Agentic Refactor Loop
Core Concept
A template for driving large-scale, mechanical refactors across a codebase using AI agents with human pair review — the plan is a first-class reviewable artifact (committed to git), and the agent executes the approved plan in bite-size chunks that feed learning back into the plan.
The Loop
- Pair on framing — human + human agree on what the refactor is and why
- Robot drafts the plan — specific steps, rules, exceptions
- Pair reviews the plan — catch obvious gaps
- A different robot analyzes the plan — cross-model check (a different model / different prompt finds what the first one missed)
- Commit the plan as a PR — the plan lives in git, is reviewable on its own, and becomes durable documentation
- Approved plan goes live — robot executes across the codebase
- Pair reviews the changes — could be large, so keep batches bite-size
- Ship — then iterate: review comments on one batch feed back into the plan for the next
Why It Works
- Plan-as-PR turns the spec into an artifact. Reviewing a plan is cheaper than reviewing code; the plan catches errors before they become 8,000 lines of robot output.

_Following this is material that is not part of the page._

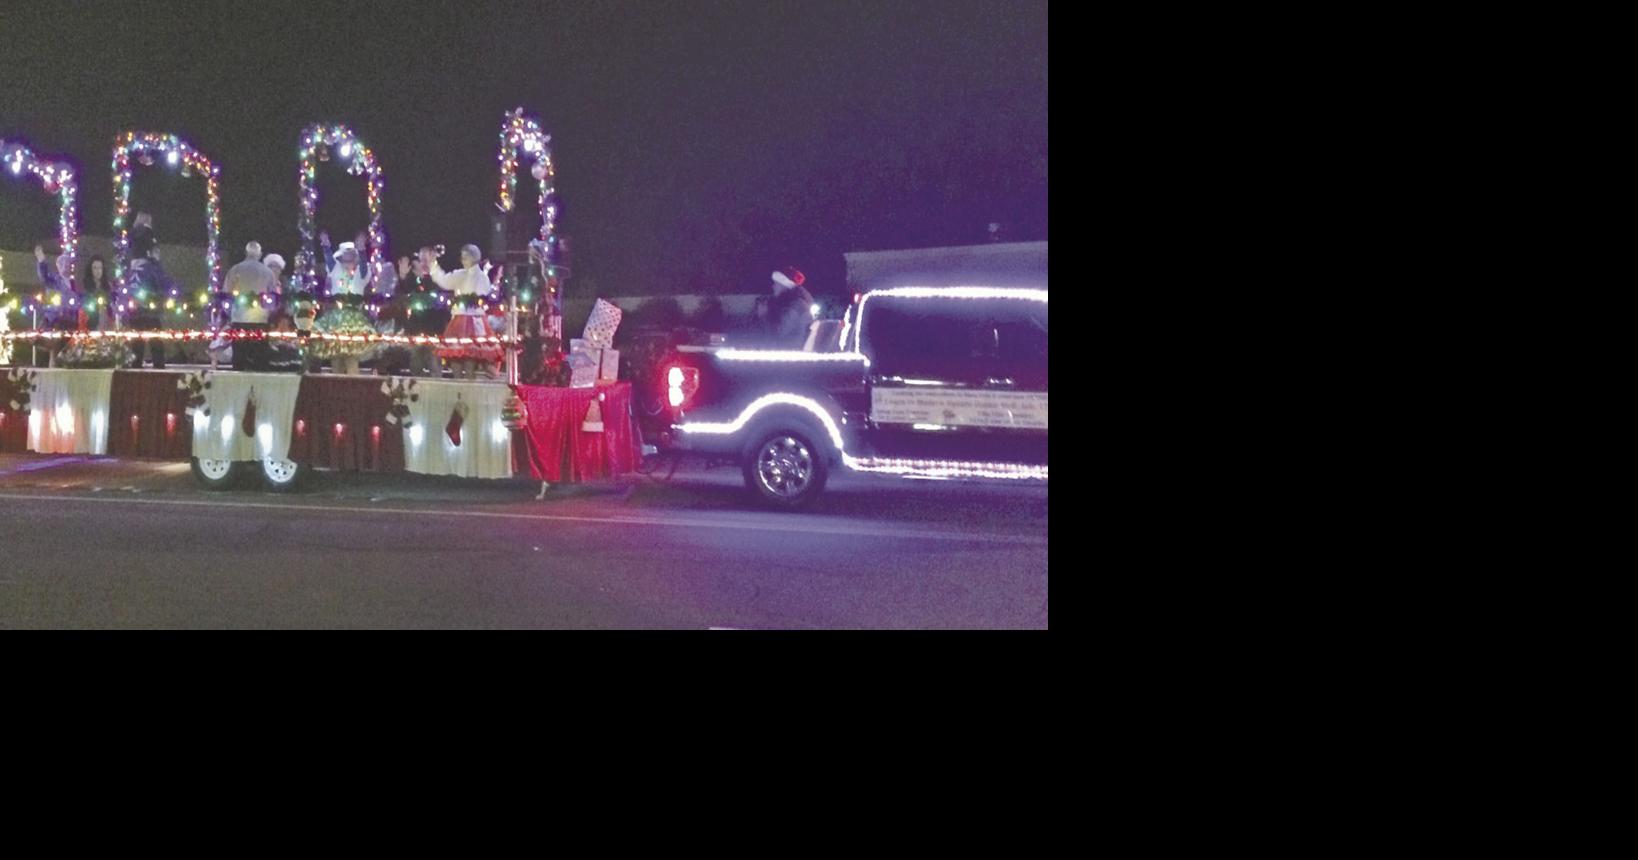 Christmas parade lights up Calimesa Local News

- Two-model cross-check catches one-model blindspots. The second robot isn’t rubber-stamping — it’s genuinely finding what the first missed.
- Bite-size batches create a feedback loop. The large-PR review rule — comments scale inversely with PR size — is enforced by chunking. Each batch’s review comments go back into the plan for future batches, so the process self-improves.
- Guardrails mature over time. Early batches stay small while rails are uncertain. As confidence grows, batch size can scale up.
Variations / Extensions
- GitHub Action auto-PR: on merge of batch N, automatically open batch N+1 — keeps the queue full, minimizes human scheduling cost.
- Custom-instruction guardrails in PR review: parallel to the migration, add AI-PR-review instructions that flag any new introductions of the old pattern. Closes the “someone adds the thing you’re removing” back-door.
- Accessibility check variant: same loop, but the robot checks for accessibility violations in the diff rather than executing a mechanical change.
When to Use / When Not To
Use:
- Mechanical refactors with a clear rule (old pattern → new pattern)
- Non-critical code paths where a mistake isn’t a production outage
- Codebases with enough test coverage to catch regressions
Don’t use:
- Logic changes where the “right answer” requires domain judgment
- Irreversible migrations (data migrations, schema changes with backfill)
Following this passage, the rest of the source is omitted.